Anthropic Accuses Alibaba of Stealing Claude's Intelligence With 25,000 Fake Accounts
28.8 Million Messages, 25,000 Fake Accounts
Between April 22 and June 5, 2026, Anthropic's systems were quietly under siege. Thousands of accounts — now identified as fraudulent — were methodically querying Claude, asking it to reason through complex software engineering problems and agentic tasks, then collecting its outputs. When Anthropic investigated, they traced the operation directly to operators linked to Alibaba's Qwen AI lab.
The tally: 28.8 million exchanges across roughly 25,000 fraudulent accounts, making it what Anthropic now calls the largest known data-extraction campaign by a Chinese entity against a U.S. AI company.
What "Adversarial Distillation" Actually Means
The technique is called adversarial distillation: instead of training a model from scratch or licensing one's competitors' work, you repeatedly prompt a frontier model and harvest its outputs. The goal is to teach your own model to mimic the reasoning patterns of the target — in this case, Claude's most commercially valuable capabilities in software engineering and multi-step agentic tasks.
It's not a new idea, but Alibaba's alleged operation was unusual in its sheer scale and the brazenness of circumventing Anthropic's geographic restrictions, which explicitly prohibit access from within China.
Anthropic Goes Public — and Political
Rather than simply blocking the accounts and moving on, Anthropic took its findings to U.S. senators and White House officials, sending a formal letter disclosing the scope of the campaign. The move signals that Anthropic is treating this not just as a terms-of-service violation but as a national security concern worth escalating.
The timing is significant. The incident occurred during the same period that the Trump administration's AI Executive Order was under discussion, and AI policy debates about frontier model access and Chinese competition were already running hot in Washington.
As of this writing, Alibaba has not issued a public response. The company's Qwen AI lab continues to develop competitive open-weight models, and Anthropic's Bloomberg disclosure is the only detailed account currently available.

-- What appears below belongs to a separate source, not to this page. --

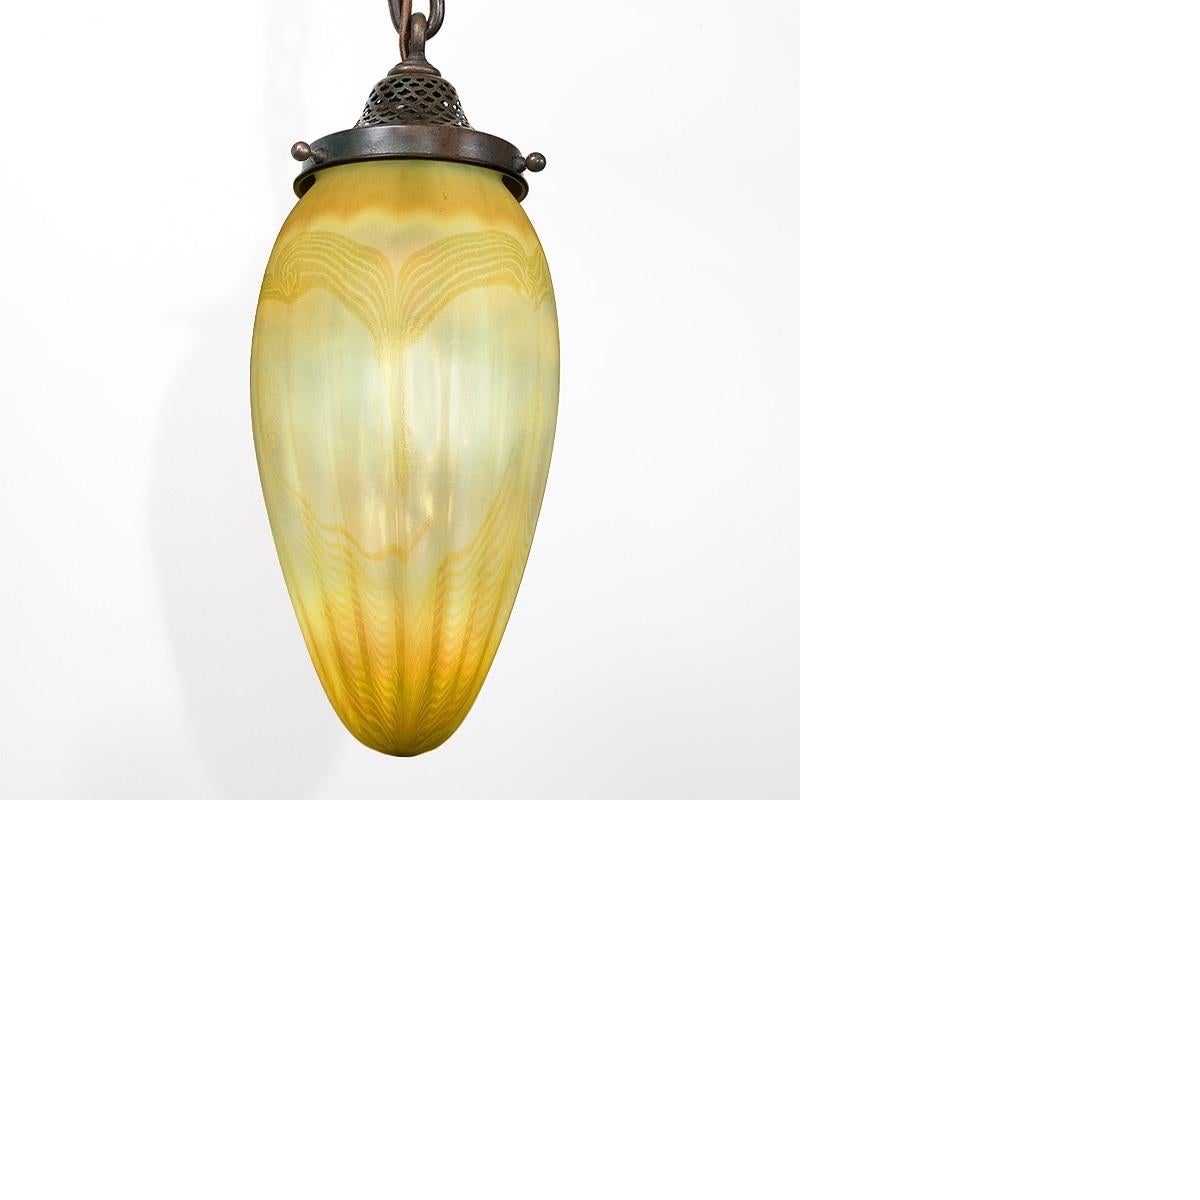 A Tiffany Studios New York golden stalactite chandelier with pulled iridescent gold feather decoration. Circa 1900. A similar fixture is pictured in: Tiffany Lamps and Metalware: An illustrated reference to over 2000 models, by Alastair Duncan,

Why This Matters Beyond Anthropic
The bigger issue is what this episode reveals about AI's competitive dynamics. Distillation attacks are difficult to defend against without degrading the model for legitimate users — you can't simply refuse to answer hard questions. Detection requires behavioral analysis at scale, and by the time patterns emerge, substantial capability has already been extracted.
For the AI industry broadly, this is a signal that frontier reasoning capability is worth stealing at enormous operational scale — and that companies holding it need to treat security not just as an infrastructure problem but as an intelligence problem.
Anthropic detected it, blocked it, and went public. That's the right response. What happens next — in courts, in Congress, or in future models — will be worth watching closely.